Crédit photo : acta.zone

 

À ton avis, est-ce que le retrait de l’article 24 est quand même important ?

 

Bien sûr, l’article 24 est scandaleux… Mais il faut dire les choses clairement : on ne peut pas réduire le débat sur les « violences policières » (on pourra revenir sur cette expression) à celui de la prise d’images de policiers ! D’abord, parce qu’il faut s’interroger sur les usages sociaux et le statut de ces images. Je vais faire une parenthèse. Pendant des années, les mouvements progressistes ont été en faveur des caméras-piétons (ou cameras embarquées) par les policiers – ce qui figure d’ailleurs dans la loi « sécurité globale » (article 21). Leur généralisation aux USA notamment a montré que leur usage n’entrainait pas une baisse du recours à la force par la police. Par ailleurs, les jurés tendent à davantage croire les images prises par la police que par des témoins. Ensuite, le fait d’avoir davantage d’images à disposition induit un nouveau standard en matière de preuve : la vraie victime, c’est celle dont on a des images… Le copwatching est une pratique de défense collective face à la police, mais il en existe d’autres. Il est d’ailleurs important de réaffirmer qu’on croit les personnes qui sont victimes de l’institution policière, quel que soit le type de violences qu’elles ont subi.

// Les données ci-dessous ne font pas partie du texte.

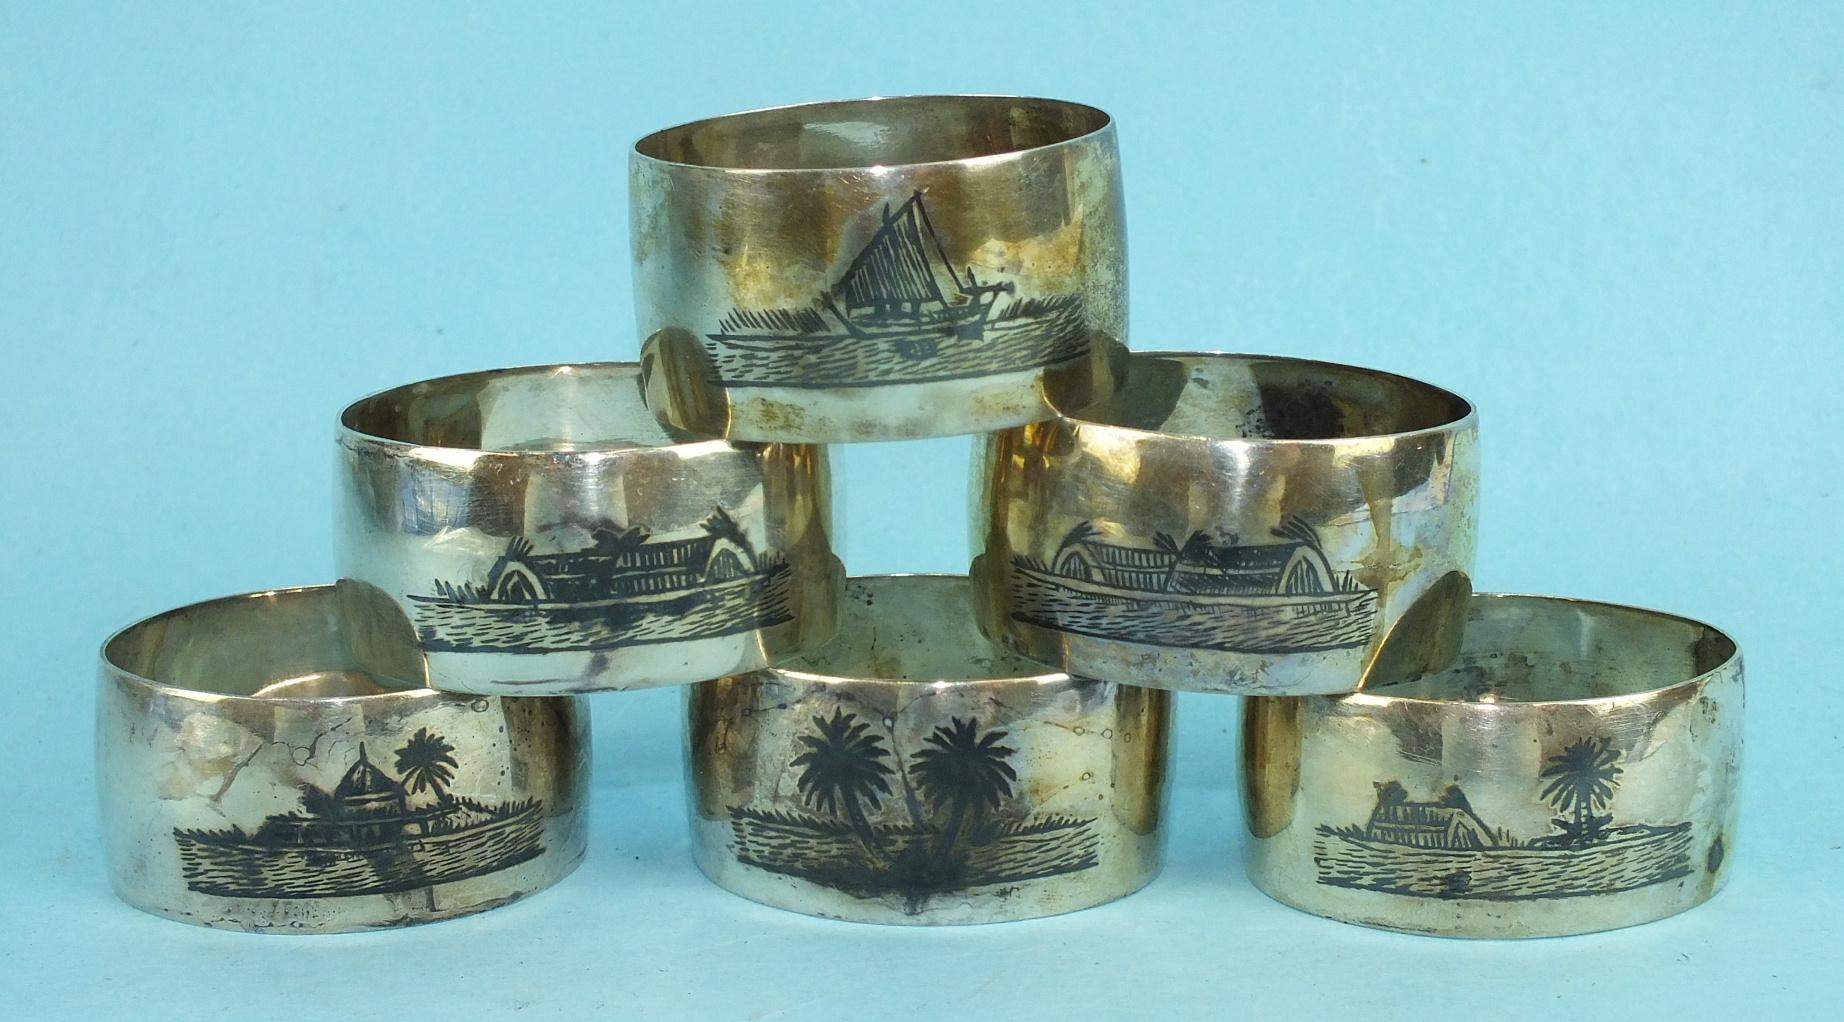 Lot 392 - A set of six Asian white metal napkin rings with niello-work decoration, ___3½oz.

La focalisation des débats autour des violences policières sur la question des images pose un autre problème : Quelles sont les images possibles d’une violence qui fait système ? L’enfant contrôlé sur le chemin de l’école, celui à qui ses parents ont expliqué qu’il ne fallait pas courir devant la police car il est Noir ou arabe, l’enfant qui a vu un proche se faire arrêter, qui a assisté à une perquisition ou à une arrestation… Ce sont juste quelques exemples, mais il n’y a pas d’images pour cela, et pourtant cela façonne profondément l’existence de la jeunesse issue des quartiers populaires, de l’histoire coloniale et de l’immigration. Plus généralement, je pense qu’on fait face à un manque de réflexion critique sur l’usage des images. Je dis cela notamment au regard de la banalisation de l’usage des téléphones et des prises de photo dans les manifestations (voir par exemple ce texte du Collectif Auto Media Énervé ou la campagne « No photo » du Secours Rouge de Belgique).

 

Comment lutter contre les violences policières ?

 

Je pense d’abord qu’il faut éviter de mettre la focale sur les policiers ou des policiers en particulier plutôt que sur l’institution policière. On sait que cela fait partie de la ligne de défense de la police : évoquer des « brebis galeuses » et des cas individuels (des hommes possiblement fatigués, défaillants ou autre), et donc des erreurs « humaines ». Cela permet de détourner la discussion du vrai sujet : la fonction de la police. Plutôt que de dire que la police fonctionne mal, il faut au contraire dire qu’elle fonctionne très bien au regard de ce qui est attendu d’elle : protéger l’État, le système capitaliste, le racisme structurel et le patriarcat.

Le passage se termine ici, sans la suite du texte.